The scalar K-means clustering method provided by the embodiment of the invention needs to execute the following steps. The method clusters the input one-dimensional array x, and additionally inputs a parameter K to represent that the one-dimensional array is clustered into K classes:
step 1: let n denote the length of the one-dimensional array x.
Step 2: the array x is ordered.
Step 3: generating a two-dimensional array G of n multiplied by K in the memory, and initializing all elements of the array G to be ≡.
Step 4: an n x K two-dimensional array L is generated in memory.
Step 5: let G 0,0 =0。
Step 6: initializing variable i=1.
Step 7: initializing variable s 1 =0,s 2 =0。
Step 8: initializing variable j=i.
Step 9: calculation s 1 +x j Assigning the result to (coverage) s 1
Step 10: calculation ofAssigning the result to (coverage) s 2
Step 11: initializing variables
Step 12: initializing variable k=1.
Step 13: if G i,k >G j-1,k-1 +c, then G j-1,k-1 Assignment of +c to (cover) G i,k And assign j to (overlay) L i,k
Step 14: the variable k+1 is assigned to (overlay) k. If K is less than or equal to K, returning to the step 13 for execution.
Step 15: the variable j-1 is assigned to (overlay) j. If j is greater than or equal to 1, returning to the step 9 for execution.
Step 16: the variable i+1 is assigned to (overlay) i. If i is less than or equal to n, returning to the step 7 for execution.
Step 17: a one-dimensional array C of length K is generated in the memory.
Step 18: let l=l n,K
Step 19: variable is changedAssigning to (covering) C K
Step 20: the variable K-1 is assigned to (overlay) K, and l-1 is assigned to (overlay) n.

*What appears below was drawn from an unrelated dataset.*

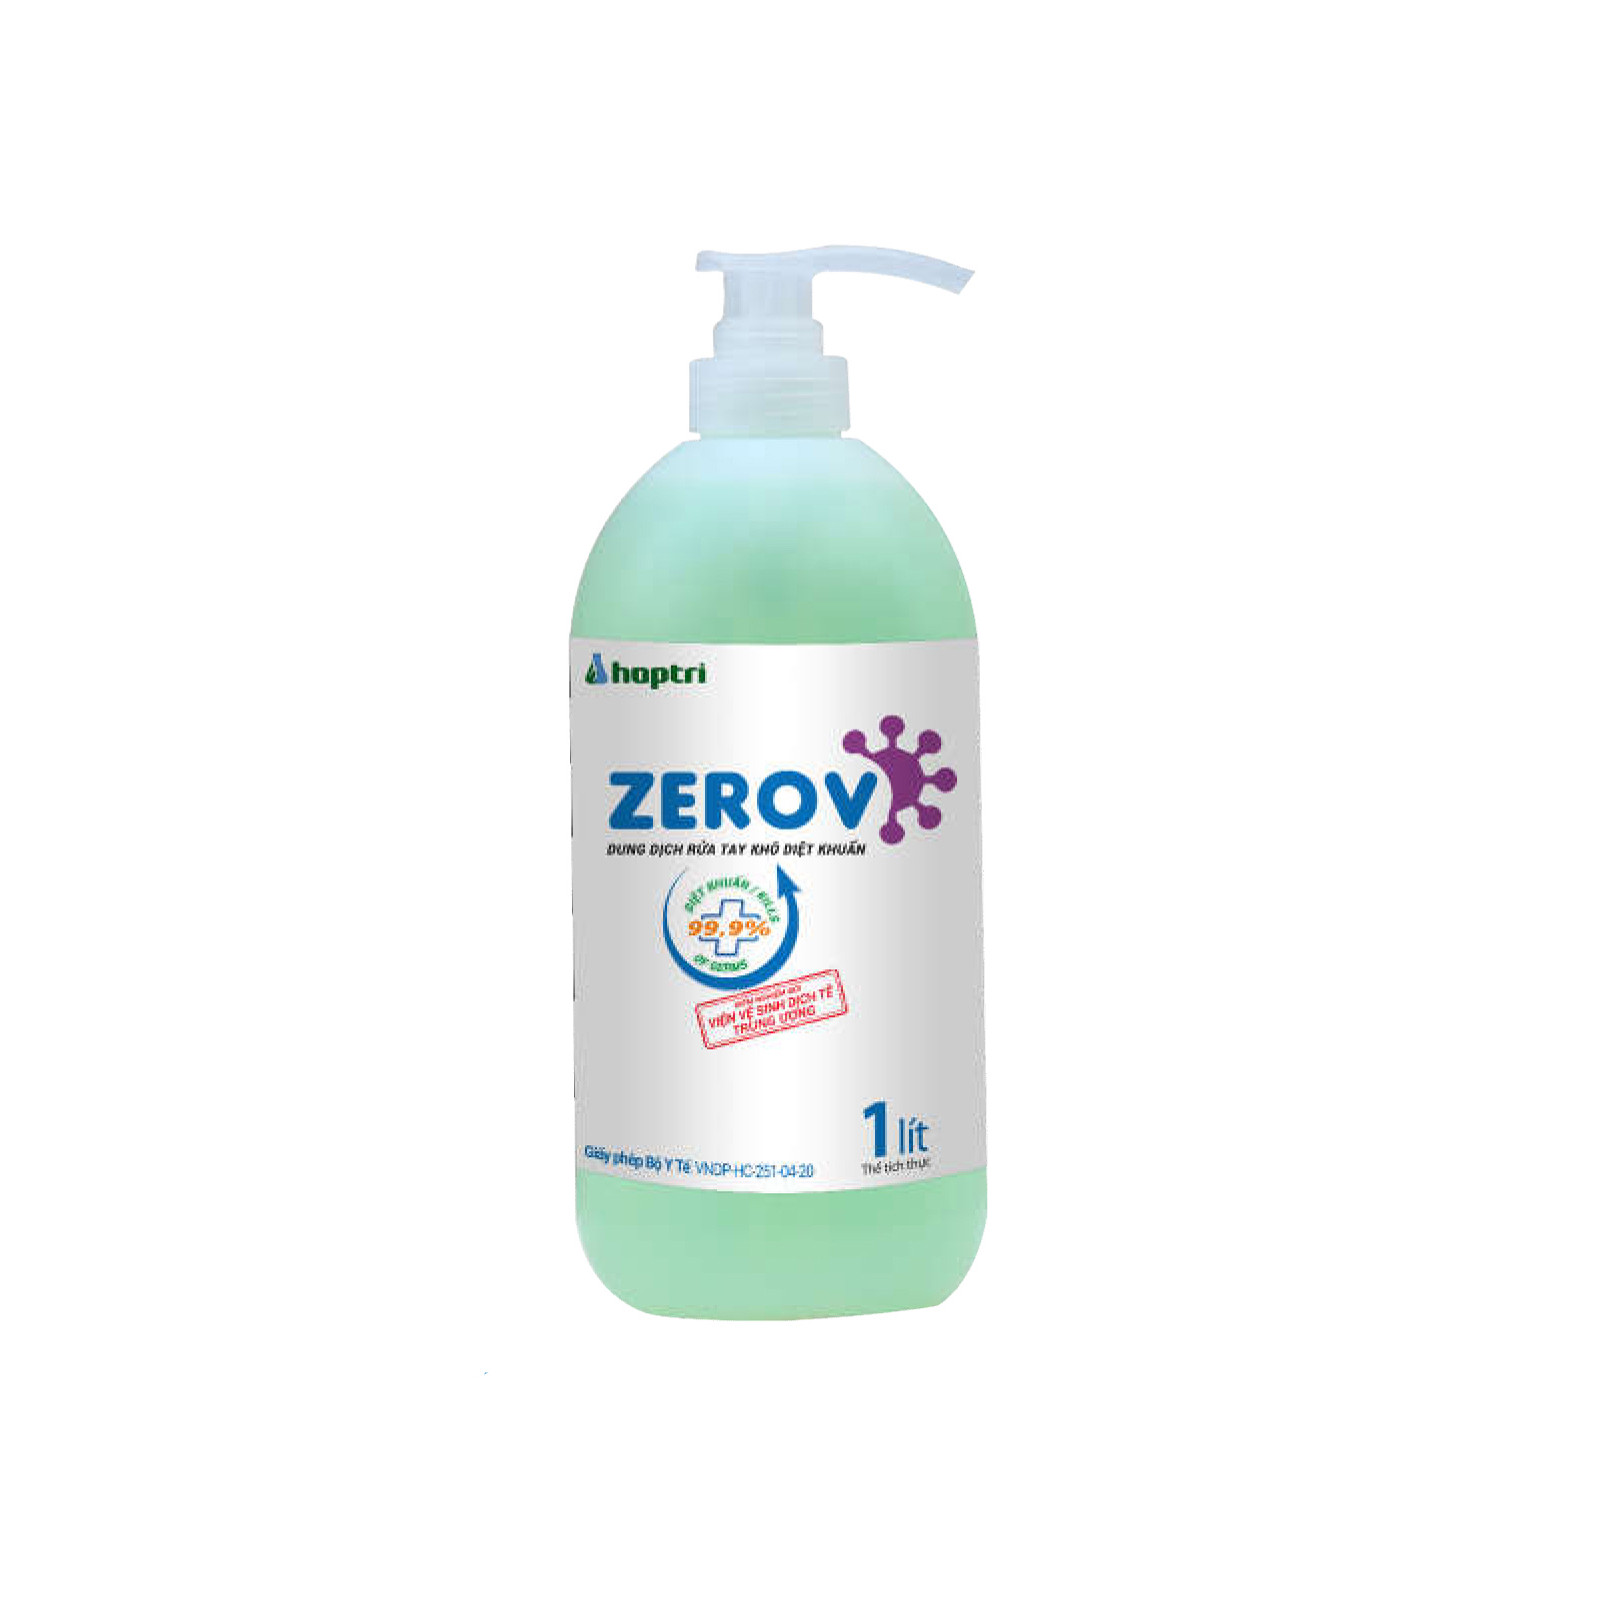 Dung dịch rửa tay khô Diệt khuẩn ZeroV

If K > 0, return to step 18 for execution.
Step 21: at this time, the array C is the K clustering centers after clustering which are calculated by the algorithm.

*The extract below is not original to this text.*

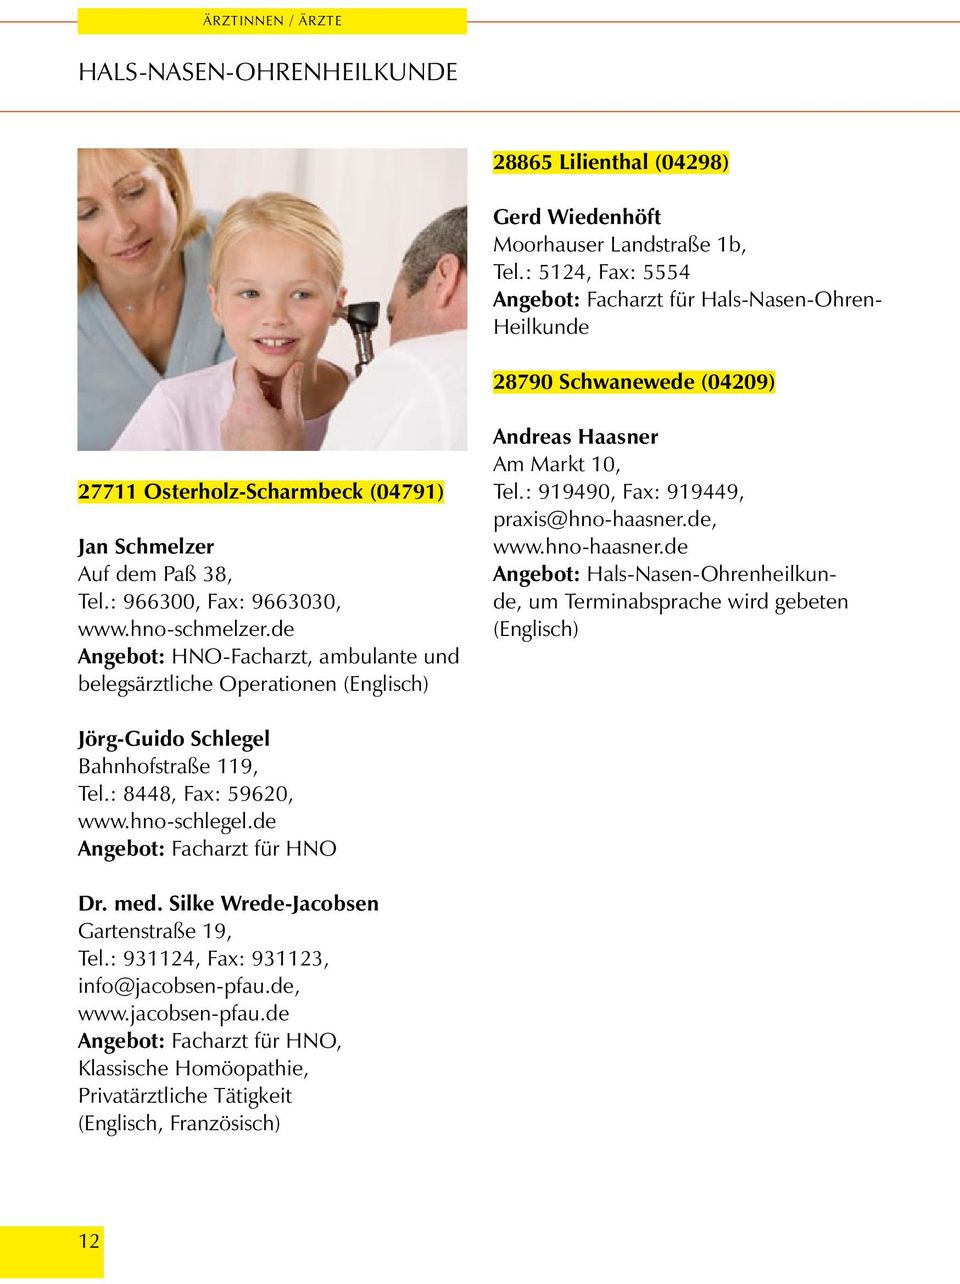 de Angebot: HNO-Facharzt, ambulante und belegsärztliche Operationen Andreas Haasner Am Markt 10, Tel.: 919490, Fax: 919449, praxis@hno-haasner.

Experiments on a plurality of deep learning convolutional neural networks are carried out, and the results show that the inference accuracy can be well maintained while a large compression rate is obtained. For example, embodiments of the present invention are used to compress TT-Conv networks (T.Garipov, D.Podoprikhin, A.Novikov, and D.Vetrov, "Ultimate tensorization: compressing convolutional and FC layers alike," arXiv preprint arXiv:1611.03214, 2016) comprising 6 convolutional layers and 1 fully-connected layer, and to test the effect of reasoning on image classification using CIFAR-10 dataset test networks. The result shows that the memory capacity of the weight values is reduced to about 1/10 of the original memory capacity (3 binary digits are used for representing each weight value) after the embodiment of the invention is used, and the classification accuracy is not only reduced but also improved by 0.31% compared with the network before compression. For FreshNet network model (W.Chen, J.Wilson, S.Tyree, K.Q.Weinberger, and Y.Chen, "Compressing convolutional neural networks in the frequency domain," in Proc.ACM SIGKDD,2016, pp.1475-1484.), the memory of weights is reduced to about 1/16 of the original memory (each weight is represented by 2 binary digits) by using the embodiment of the invention, and the classification accuracy of CIFAR-10 data set is only reduced by 0.57% compared with the uncompressed network.

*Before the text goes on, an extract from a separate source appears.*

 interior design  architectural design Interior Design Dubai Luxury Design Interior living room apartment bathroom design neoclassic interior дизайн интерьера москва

A model compression system of a deep neural network according to an embodiment of the present invention will be described next with reference to the accompanying drawings.
FIG. 3 is a schematic diagram of a model compression system of a deep neural network according to one embodiment of the present invention.
As shown in fig. 3, the system 10 includes: initialization module 100, training module 200, cluster solution 300, and compressed storage 400.
The initialization module 100 is configured to perform initial assignment on weights in the neural network, and mark the initially assigned weights as m vectors W 1 ,W 2 ,…,W m Wherein, the method comprises the steps of, wherein,the training module 200 is used for solving the optimization problem to train the neural network.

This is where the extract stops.